> _About this exercise_: Write out again the lines from the line with "VERTICAL GARDEN –" up to and including the line with "Cola Reflejos - Mermaid's", exactly as they stand below, and skip any picture.
Listed records below:
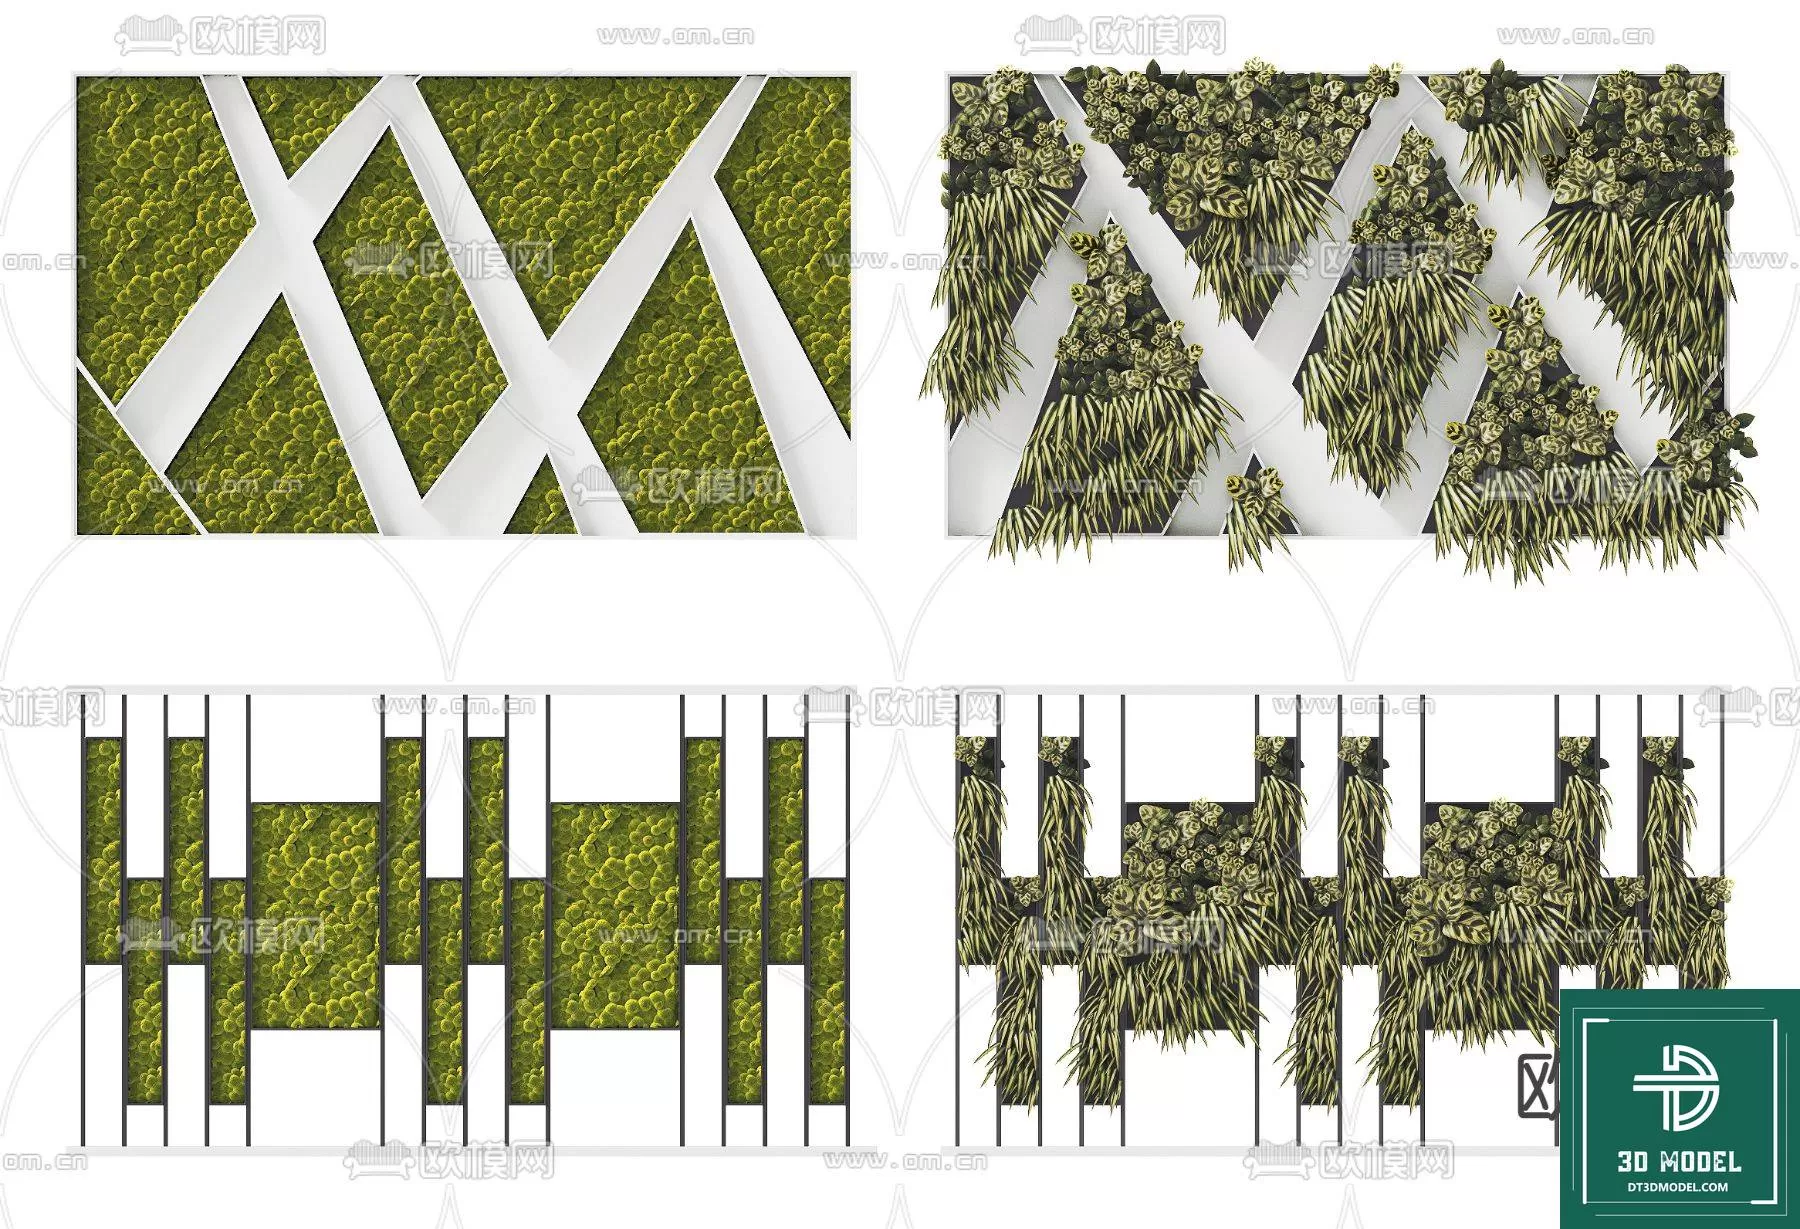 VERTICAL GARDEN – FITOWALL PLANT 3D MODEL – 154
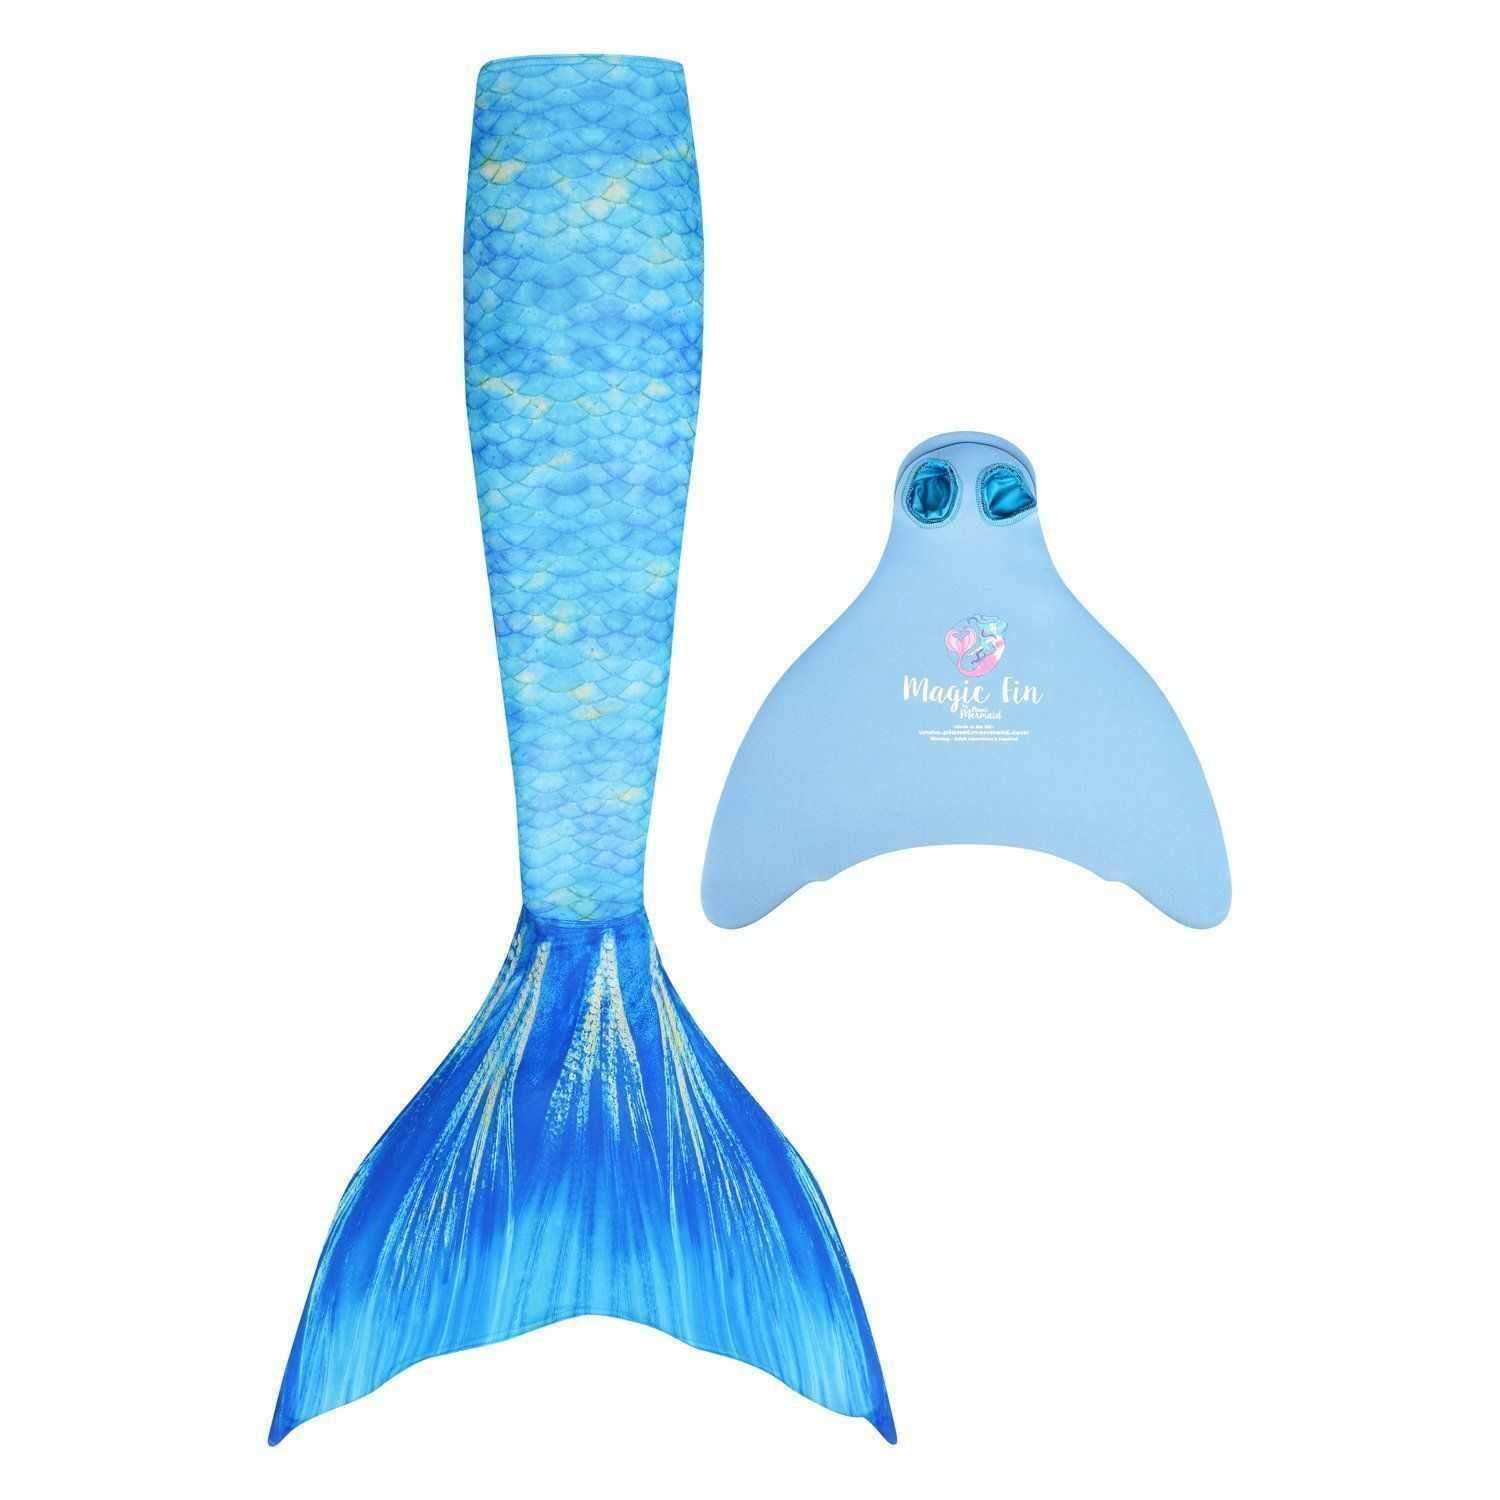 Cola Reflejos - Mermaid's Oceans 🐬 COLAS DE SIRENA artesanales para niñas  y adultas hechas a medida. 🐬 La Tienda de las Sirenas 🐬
End of Listed records.
Listed records below:
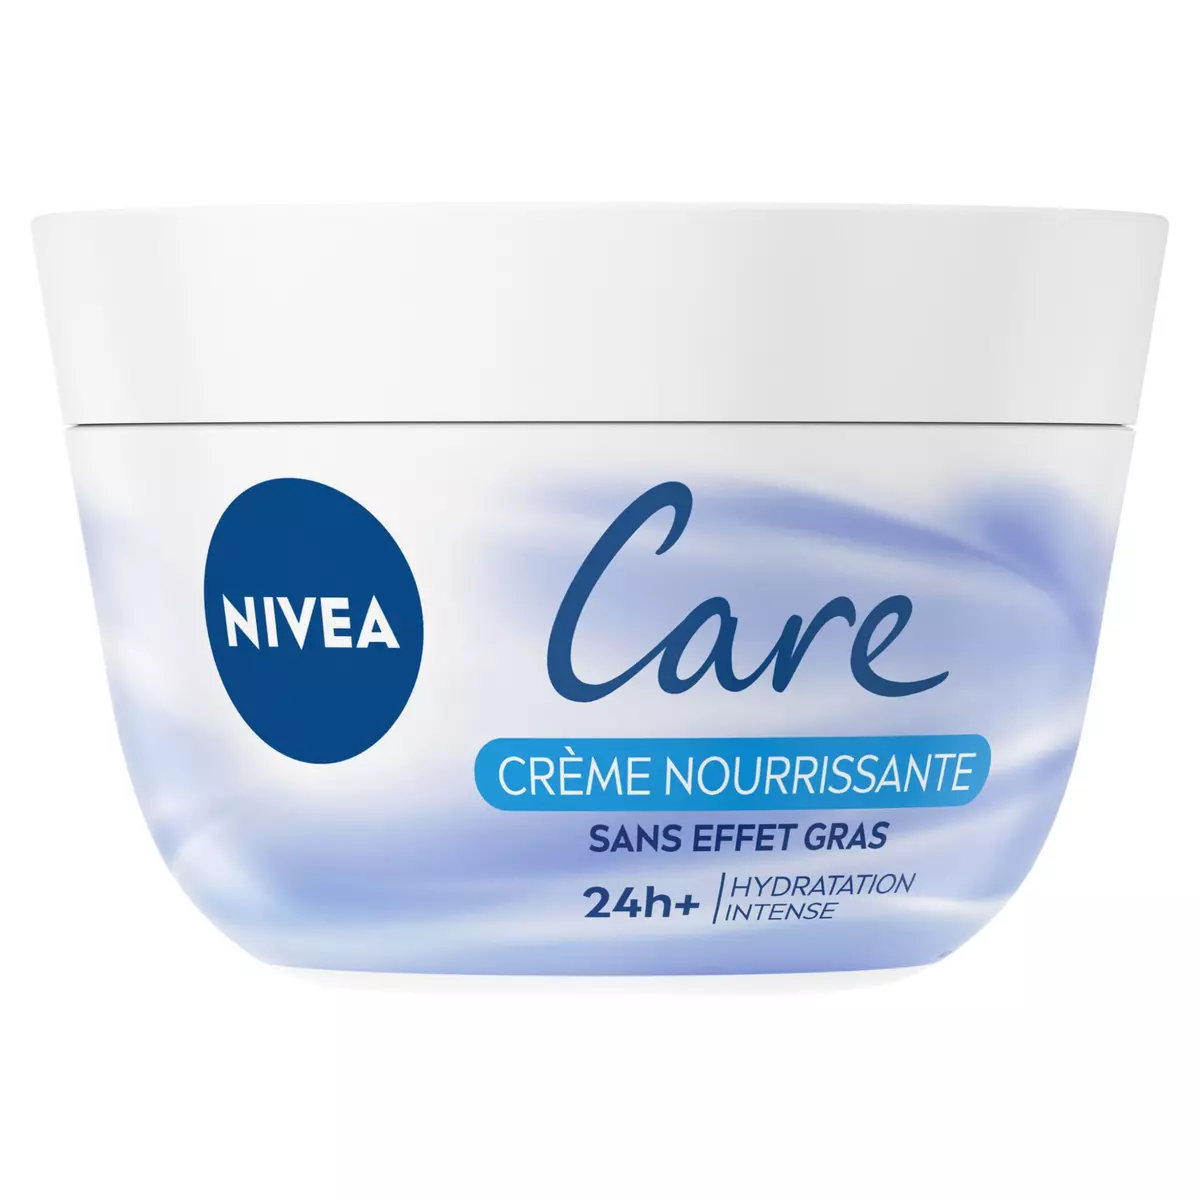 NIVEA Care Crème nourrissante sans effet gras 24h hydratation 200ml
End of Listed records.
Listed records below:
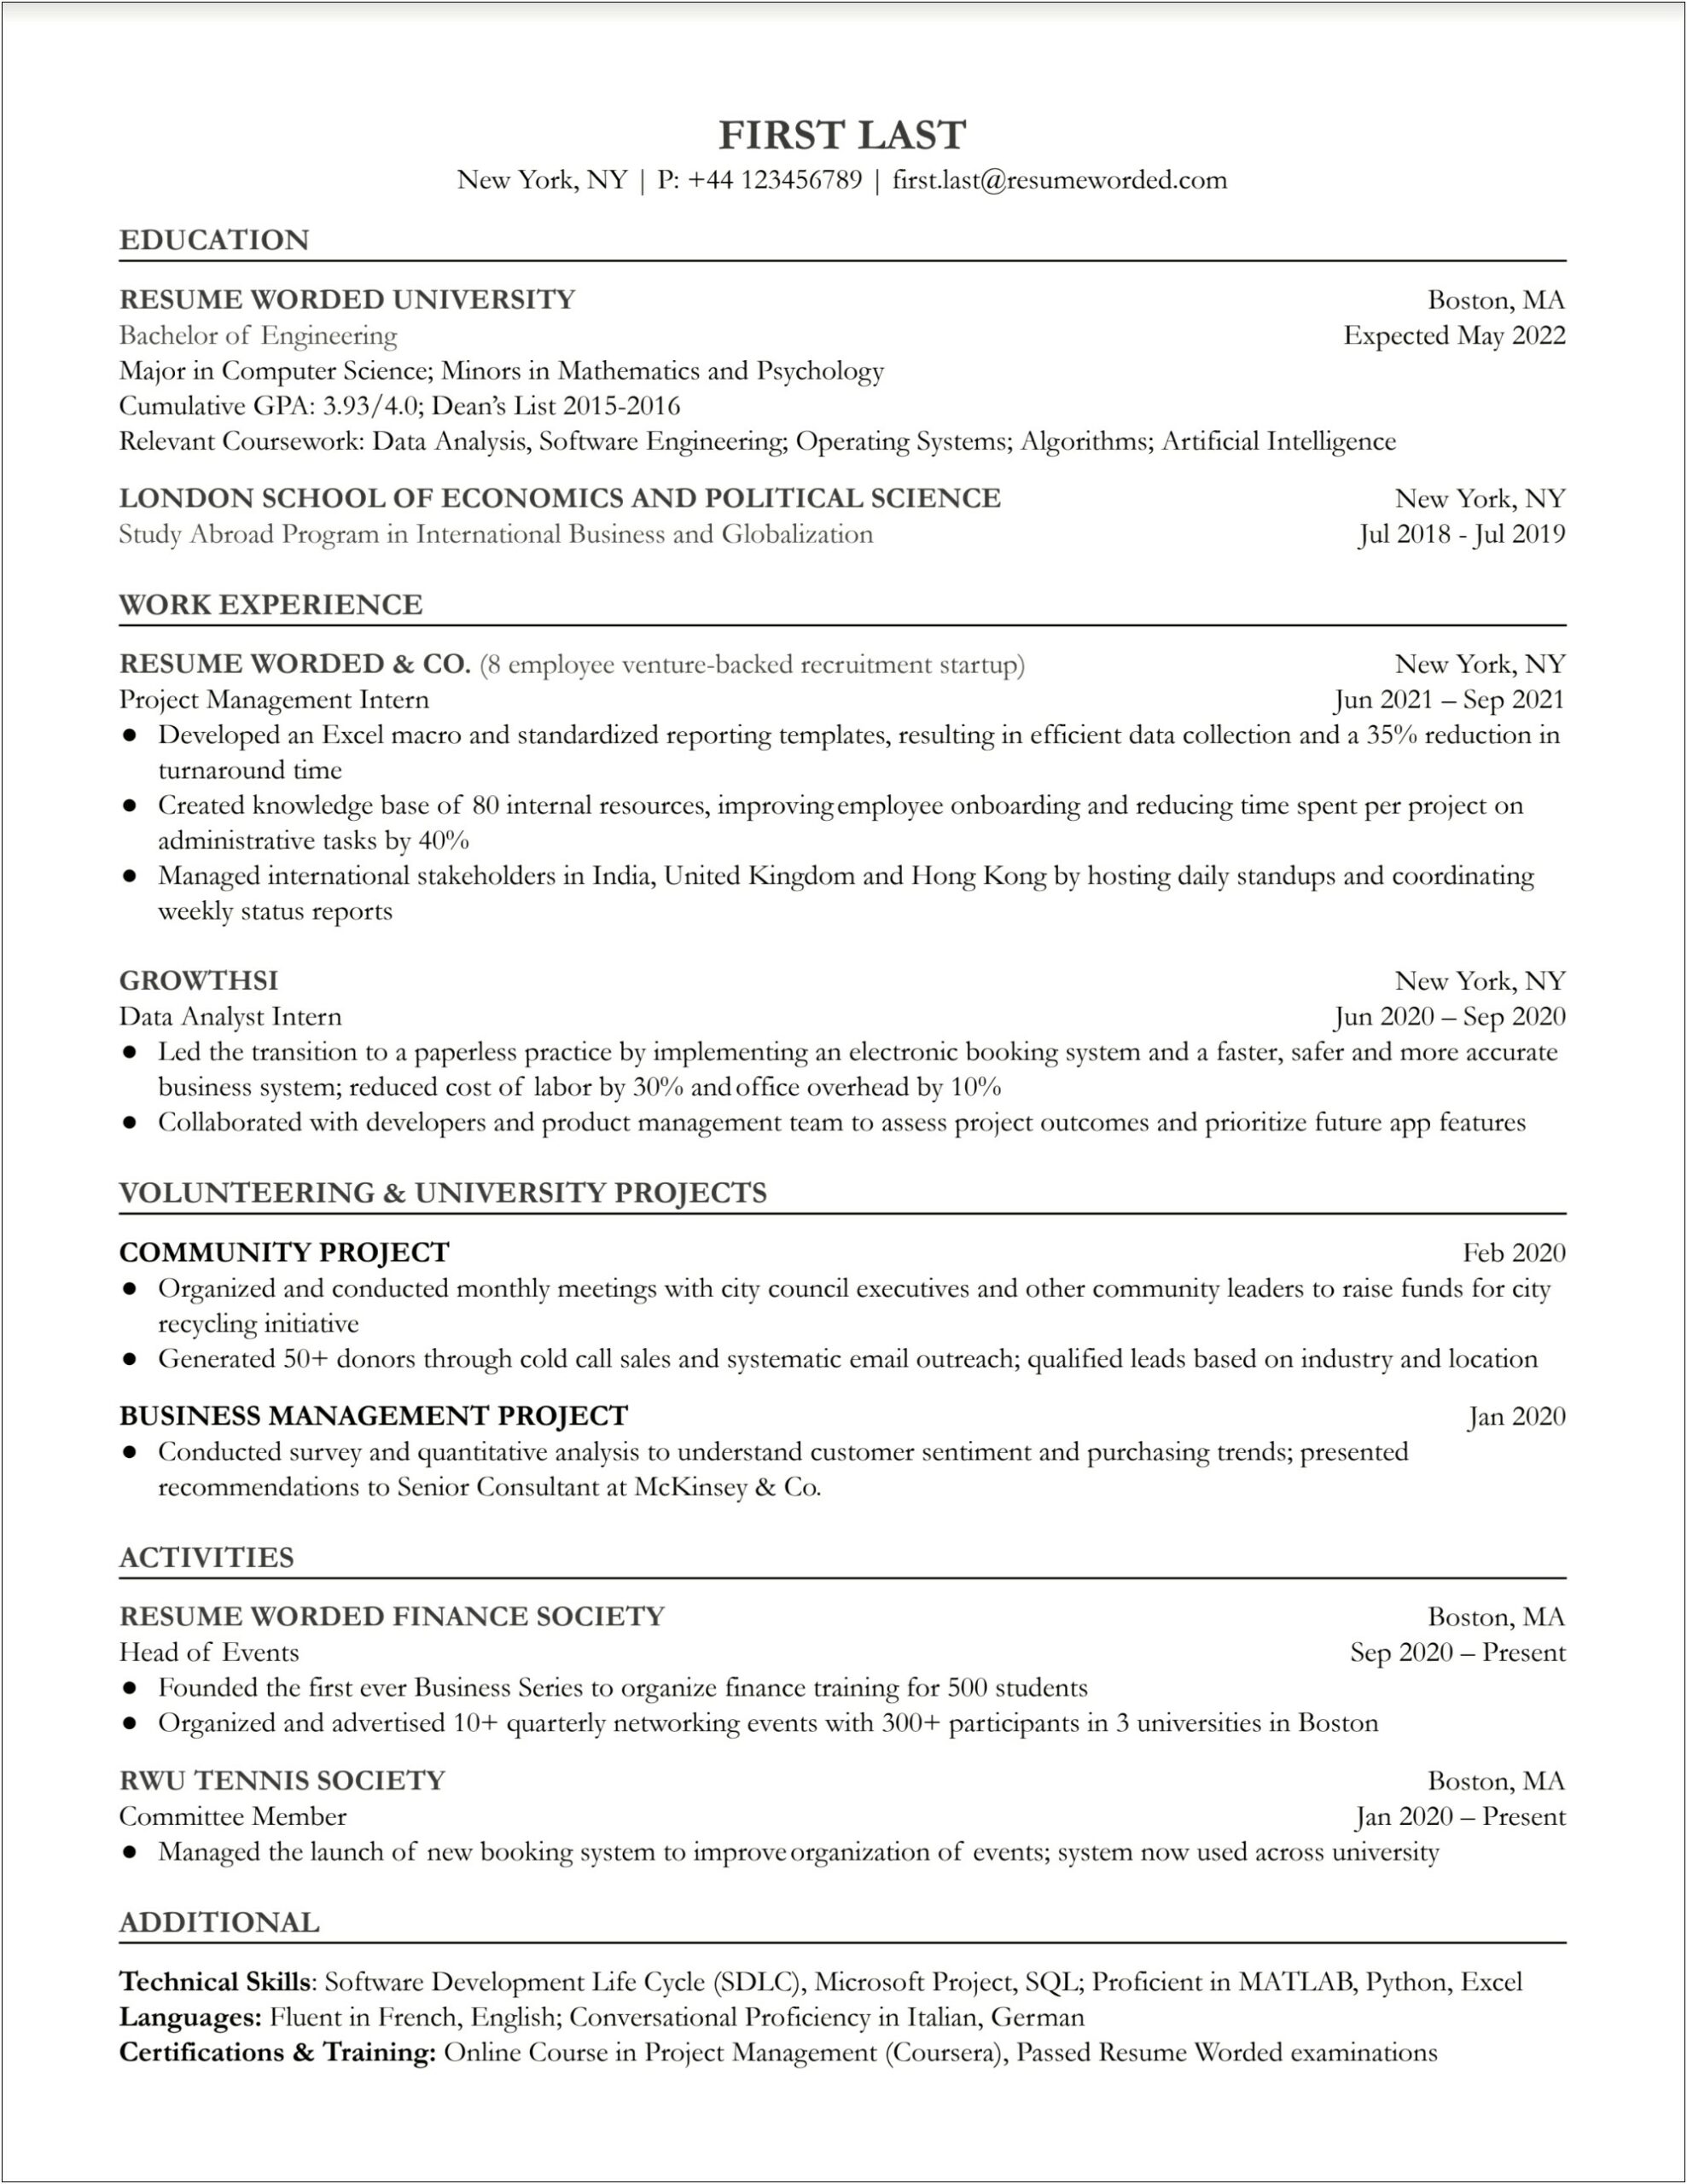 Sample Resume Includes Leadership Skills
End of Listed records.
> _Solution to the problem_:
 VERTICAL GARDEN – FITOWALL PLANT 3D MODEL – 154
 Cola Reflejos - Mermaid's Oceans 🐬 COLAS DE SIRENA artesanales para niñas  y adultas hechas a medida. 🐬 La Tienda de las Sirenas 🐬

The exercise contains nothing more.